The direct resistance of the winding has close relation with the oil temperature, and the top layer oil temperature is generally taken as the test oil temperature value in the test; the extra-high voltage transformer has large volume and large oil quantity, and a great gap exists between the top-layer oil temperature and the bottom-layer oil temperature, and the direct resistance value converted by the top-layer oil temperature is inconsistent with the actual situation, so that the direct resistance deviation exceeds the standard.
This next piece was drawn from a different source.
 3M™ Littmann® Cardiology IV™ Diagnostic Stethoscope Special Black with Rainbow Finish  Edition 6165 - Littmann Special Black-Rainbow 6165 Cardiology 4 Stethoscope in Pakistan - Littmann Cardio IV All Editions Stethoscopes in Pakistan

The conversion coefficient method of the model is as follows: assuming that the detection result of a certain winding value of the transformer is reduced to the data at the same temperature for N times (including the data of the current test of evaluation, wherein the value of N is more than or equal to 3) in the past year for comparison, the example is shown in table 4 with the data of N being 3 and the direct resistance; and detecting that the difference between the direct resistance value of a certain winding and the comparison value of the former two times exceeds 1% for the third time, and reaching the attention value. At this time, the ratio of the 3 rd time, the 1 st time and the 2 nd time of direct resistance data of each winding is taken as a conversion coefficient, if the conversion coefficient difference value between each of the three windings is smaller than 0.5% of the average value, the winding value group is considered to be detected normally, and if the conversion coefficient difference value exceeds the average value, attention is considered to be needed, and the detection result is further confirmed; when the difference value of the conversion coefficients is larger than 1% of the mean value, other detection means are needed to confirm and eliminate the abnormality, and the equipment cannot be put into operation.
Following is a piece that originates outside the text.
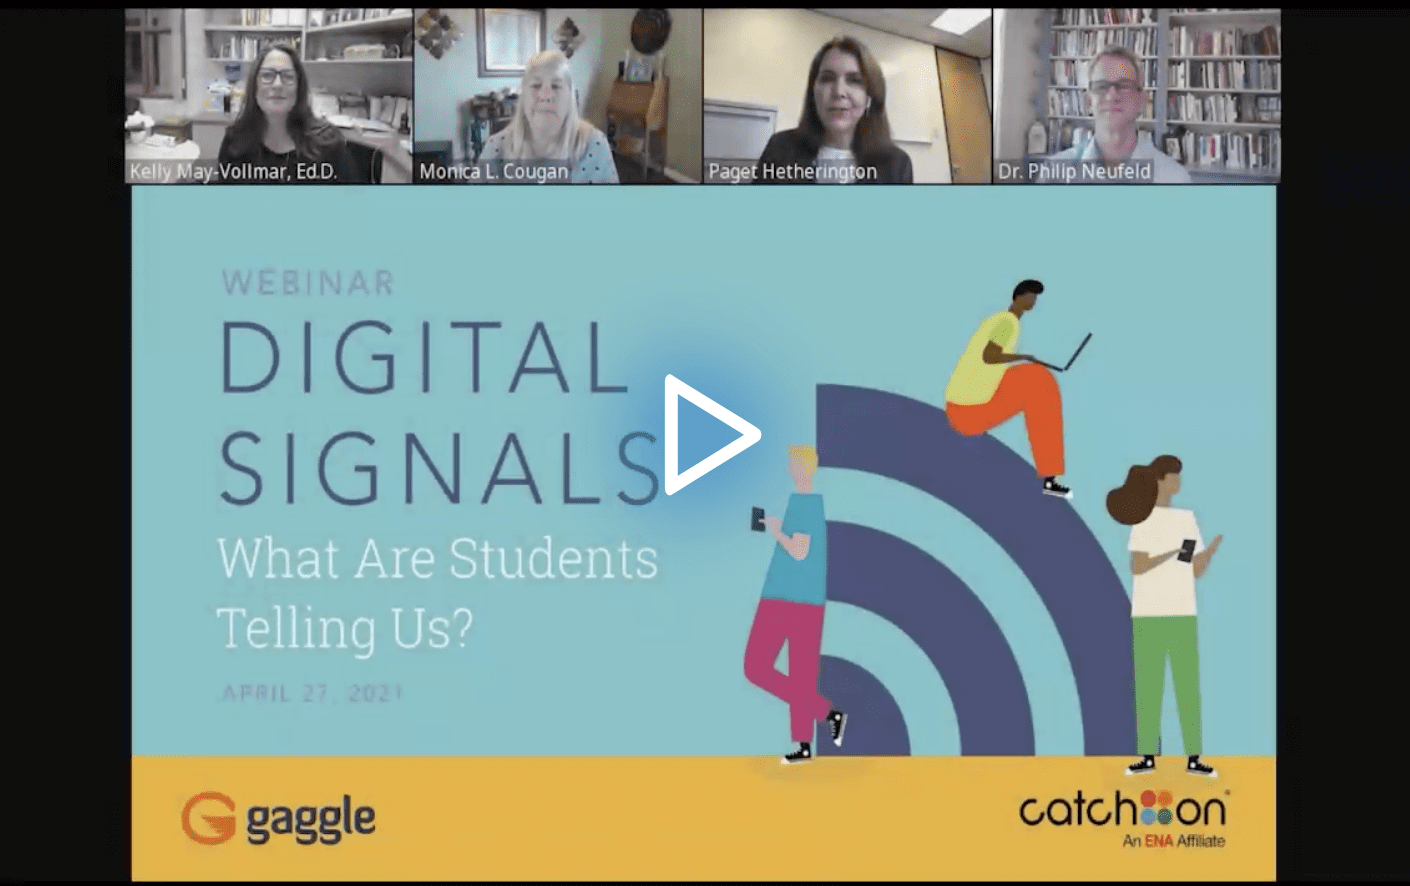 Digital Signals: What Are Students Telling Us? edLeader Panel recording link

Table 4 example of conversion coefficient method

Winding	1 st time	2 nd time	3 rd time	3 rd/1 st time	3 rd/2 nd time
						High pressure	A1	A2	A3	A3/A1	A3/A2
Medium pressure	B1	B2	B3	B3/B1	B3/B2
						Low pressure	C1	C2	C3	C3/CA1	C3/C2

2. And judging the insulation resistance of the winding with the sleeve. The requirements on the insulation resistance of the winding in the preventive test procedure of the extra-high voltage transformer are as follows: the ratio of the initial value to the converted temperature is not obviously changed; in the range of 10-30 ℃, the absorption ratio of the winding is not lower than 1.3, the polarization index is not lower than 1.5, and when the insulation resistance is larger than 10GΩ, the absorption ratio and the polarization index can be used as references only.

When the actual numerical value is judged on site, temperature conversion is needed, and the insulation resistance value of the winding sleeve-containing tube is not more than 30% longitudinally at the same temperature; when the deviation is exceeded, the variation trend of insulation resistances of different windings of the same transformer and interphase windings of the transformer is compared transversely, and the influence of factors such as external environment humidity, sleeve surface humidity and the like is eliminated. If the influence of the factors is eliminated, confirming that the abnormality exists if the single winding has a change trend; and comprehensively judging the dielectric loss, sleeve insulation and dielectric loss detection results of the comprehensive winding.

3. The electric capacity and dielectric loss of the winding sleeve are judged, and the requirements on the electric capacity and dielectric loss of the winding in the preventive test procedure of the extra-high voltage transformer are as follows: at 20 ℃, dielectric loss is not more than 0.006; the dielectric loss and the ratio of the capacitance to the initial value have no obvious change; according to the regulations, dielectric losses at different temperatures are calculated. The dielectric loss detection is easily influenced by the environmental humidity and the sleeve indication condition, and two influencing factors are eliminated during the test; when the analysis is truly impossible to exclude, aspect ratio analysis which is easily influenced by environment is adopted;

The field detection needs to ensure that the oil temperature is detected at a similar level as much as possible, and the top layer oil temperature is mainly used. The solid insulation and oil content of the extra-high voltage transformer are different from those of the conventional transformer, and the data deviation can be increased after the conversion of a reduction formula, so that the transverse comparison is more needed. The initial value difference of the winding capacitance is not more than 2%, and the initial value difference of dielectric loss is not more than 30%.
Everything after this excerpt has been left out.